Abstract:
Background Recent studies have shown that pyruvate is effective in treating hypovolemic shock caused by burn. However, the safety of oral administration of sodium pyruvate, which is the most studied at present, is low, which makes it difficult for its oral preparation to be applied in clinical practice. However, the food-grade product of calcium pyruvate has been put on the market with high edible safety, so it has broad prospects in oral liquid resuscitation. At present, there is no relevant research on calcium pyruvate for anti-shock at home and abroad. In this experiment, calcium pyruvate is introduced into the classic WHO oral rehydration salt Ⅲ, and its value in resuscitation in pre-hospital emergency stage is evaluated.
Objective To investigate the effects of calcium pyruvate oral rehydration solution on oxygenation, organ function and survival rate of severely burned rats.
Methods Before the experiment, 4 packets of oral rehydration salts Ⅲ recommended by WHO and 6.8 g calcium pyruvate were mixed and dissolved in 1 000 mL drinking water. The osmotic pressure of the solution was 290 mmol/L and then preheated it to 37℃. Totally 210 male wistar rats (6-8 weeks old, 210-230 g) were included and they were randomly divided into sham injury group (Sham group, n=30), simple burn group (Burn group, n=60), oral rehydration group (OR group, n=60) and intraperitoneal rehydration group (PR group, n=60). Sham group was soaked in water at 37℃ while the other three groups were soaked in boiling water at 94℃ for 12 seconds on their back and 6 seconds on their abdomen, which were inflicted with 50% total body surface area full-thickness scald on the back and abdomen. The OR group received calcium pyruvate oral solution while the PR group received lactate ringer’s solution.

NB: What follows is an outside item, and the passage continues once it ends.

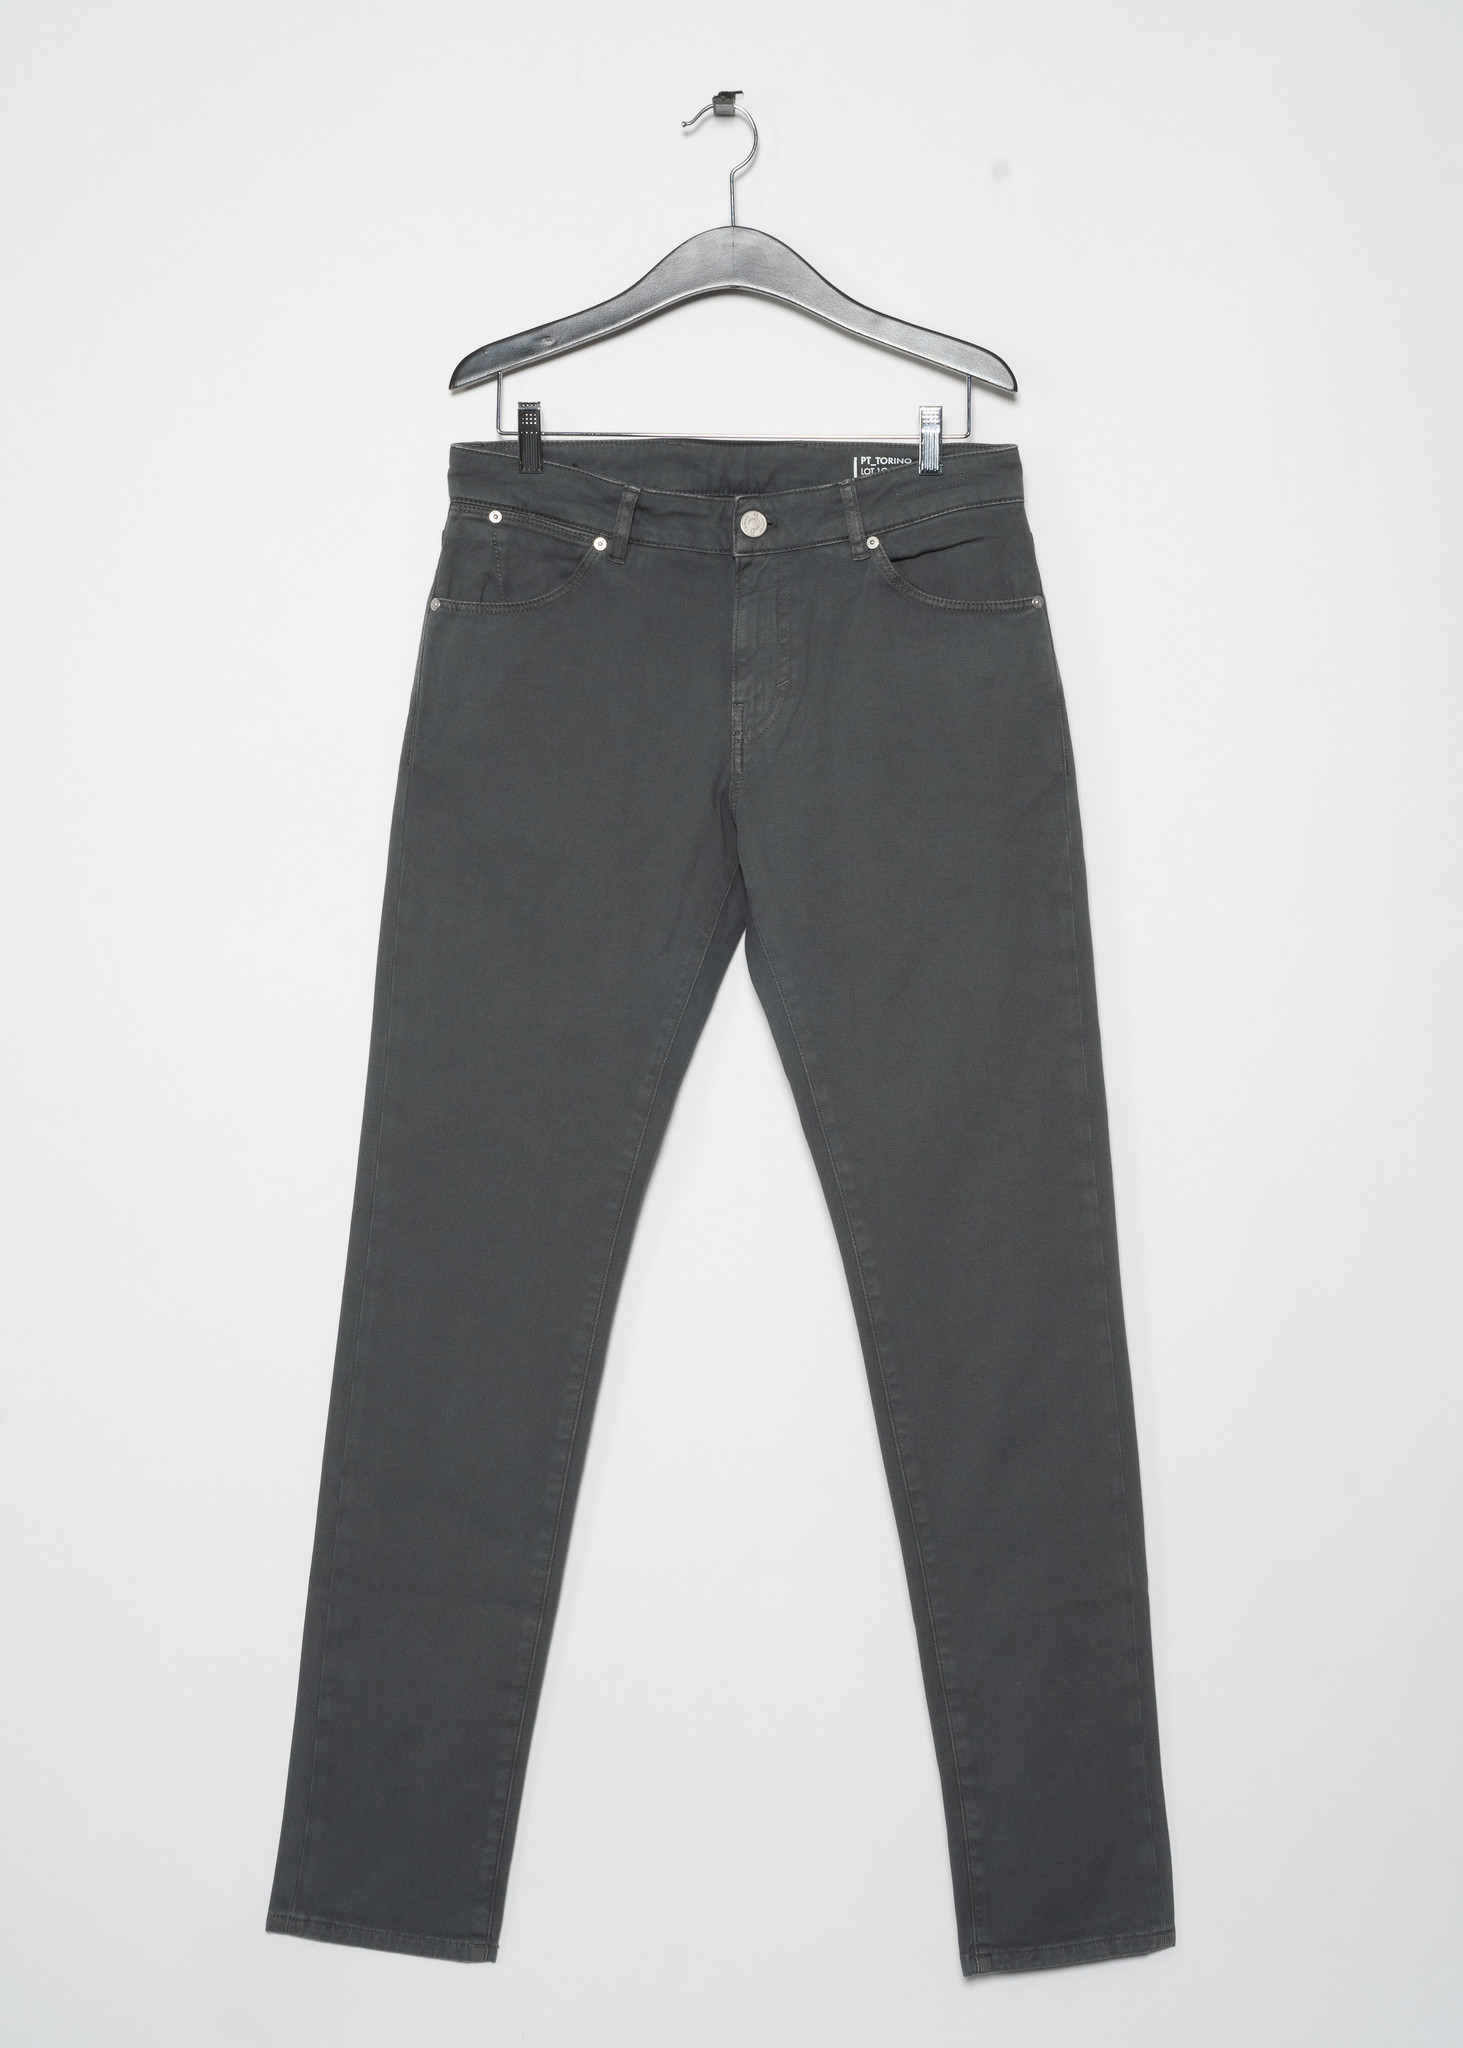 Grey TU59 Soul Jeans

Both groups started rehydration at 2 minutes after injury. The rehydration volume was based on Parkland formula. Total rehydration time was 8 h. The Sham group drank water freely while the Burn group did not receive rehydration. After 8 h, all groups drank water freely. Twenty rats in each group were selected to observe the 24-hour survival rate. At 0.5 h, 4 h, 8 h and 24 h after injury, 10 rats were selected from each group to measure blood gas analysis indexes, organ function indexes, oxidative stress indexes and histopathological changes.
Results The 24-hour survival rates of the OR group and PR group were significantly higher than that of the Burn group (70%, 75% vs 30%) (P<0.05); At 4 h, 8 h and 24 h after injury, the indexes and histopathology of the OR and the PR groups were significantly improved compared with those of the Burn group; and at 8 h and 24 h after injury, Lac, AST and T-AOC in the OR group were significantly improved compared with those of the PR group (P<0.05).
Conclusion Calcium pyruvate oral rehydration solution can improve ischemia, hypoxia, oxygenation and protect organ function, improve antioxidant capacity and 24-hour survival rate of severely burned rats. The resuscitation effect of calcium pyruvate oral rehydration solution is similar to that of intraperitoneal supplementation of Ringer's lactate solution.